“Costume Art,” the spring exhibition at the Metropolitan Museum of Art’s Costume Institute, has not arrived without its fair share of controversy.
The accompanying Costume Institute Benefit, known widely as the Met Gala, has this year been sponsored by Lauren Sánchez Bezos and Jeff Bezos, which has prompted some corners of the internet to dub the event the “Bezos gala” and to call for a boycott in retaliation to the couple’s connections with President Donald Trump. Mayor Zohran Mamdani announced he’d skip the gala, breaking a years-long tradition of New York mayors attending as guests.
And yet, Anna Wintour and the museum’s director, Max Hollein, announced that this year’s gala is expected to have raised $42 million for the Costume Institute, the biggest fundraising draw in history. “Costume Art” inaugurates Condé M. Nast Galleries, named after the founder of Condé Nast, in honor of a substantial gift from the company (which also owns Vanity Fair).

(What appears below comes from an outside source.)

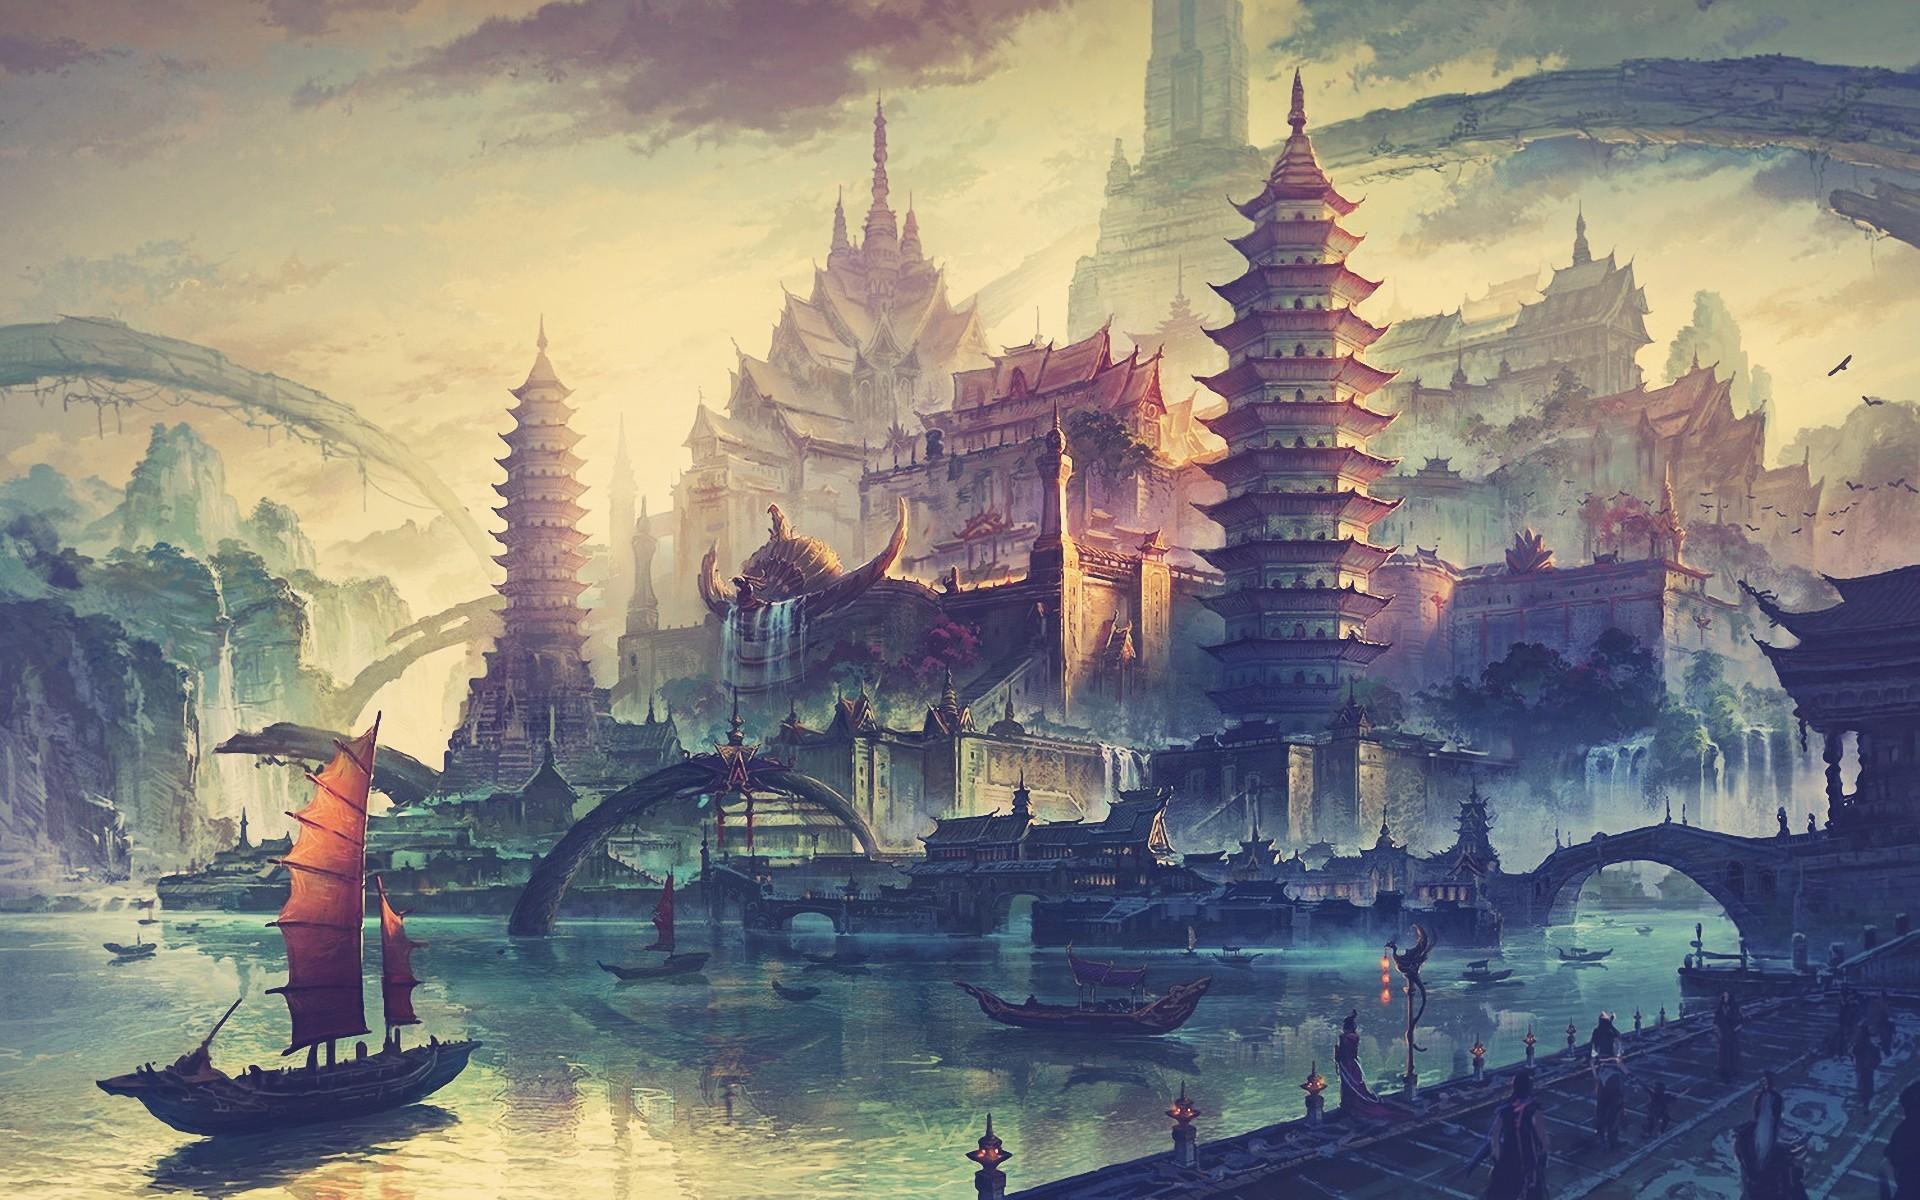 Painting Illustration Boat Fantasy Art Cityscape Asian Architecture Artwork City Evening Tower Landmark Screenshot Watercolor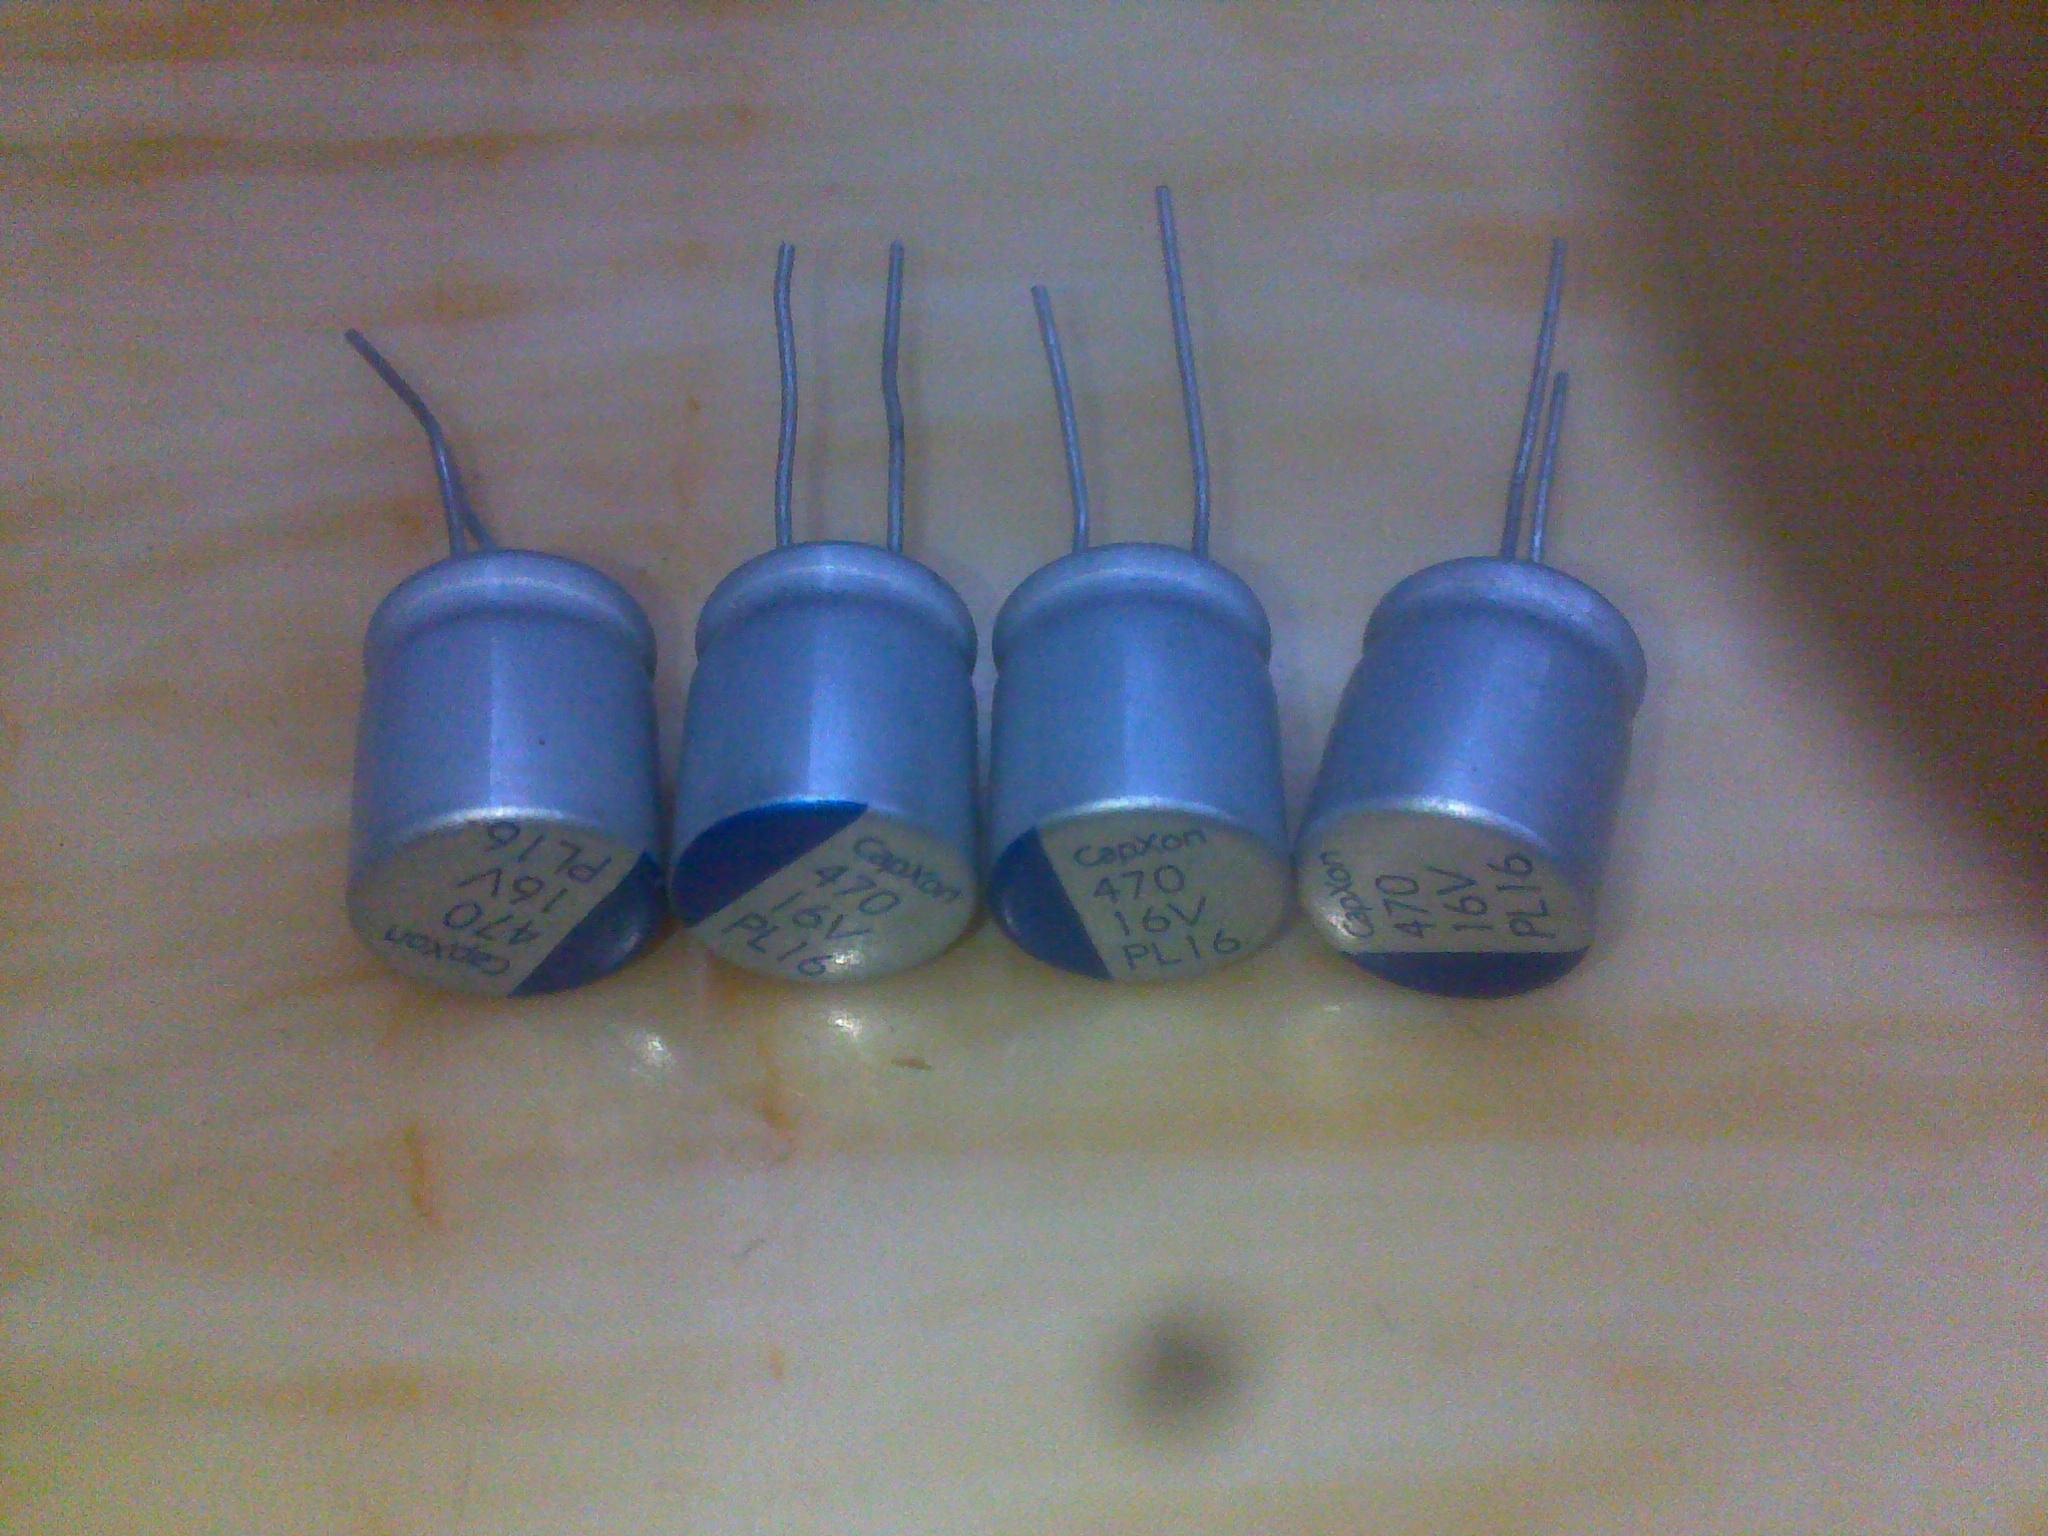 100pcs/lot CAPXON all series solid capacitor polymer capacitor DIP solid capacitor free shipping 100pcs lot fujitsu functional all series solid capacitor polymer capacitor smd solid capacitor free shipping

The exhibition itself is one of the best Andrew Bolton, the head curator at the Costume Institute, has mounted. All in all, a momentous year for the Met. Here, VF’s respective art and style correspondents, Nate Freeman and José Criales-Unzueta, break down “Costume Art.”
José Criales Unzueta: Nate, this morning Andrew closed his remarks with a line I loved and I think summarizes his intentions with “Costume Art.” He said: “The history of art cannot be told without the history of dress,” and that “the history of dress is the history of the human body.” Speakers at the press conference all declared the same thing: that fashion is art. I think the show itself says a lot about fashion and its place in history. As our resident art expert, what did you think?
Nate: Yes, Andrew Bolton talked about how he wanted the works of fashion to exist on their own, not in the context of artworks but as artworks themselves. And they do, triumphantly so, as if the “Is fashion art?” conversation is a fait accompli. It’s one of my favorite things about the show. Rather than force the notion, “Costume Art” exists in a world where fashion has always been art, and the pairing can be natural.
There’s no spoon-fed install where it’s like, Look, this painting and this dress have something in common! Everything is complementary, sometimes powerfully, sometimes playfully, and rarely too obvious. I loved seeing the Warhol Skull (donated to the Met by Halston!) in dialogue with a dress from the Noir Kei Ninomiya fall/winter 2026 collection. Ditto Sarah Lucas’s Nud Cycladic 9 (2010) with nylon knit looks from the PONTE fall 2025 ready to wear collection. I swooned over the Comme des Garçons look swarmed with satin rosettes right next to a heartbreaking Anselm Kiefer watercolor and gouache on paper, From Oscar Wilde. So deeply romantic, so grand, just perfect in the space.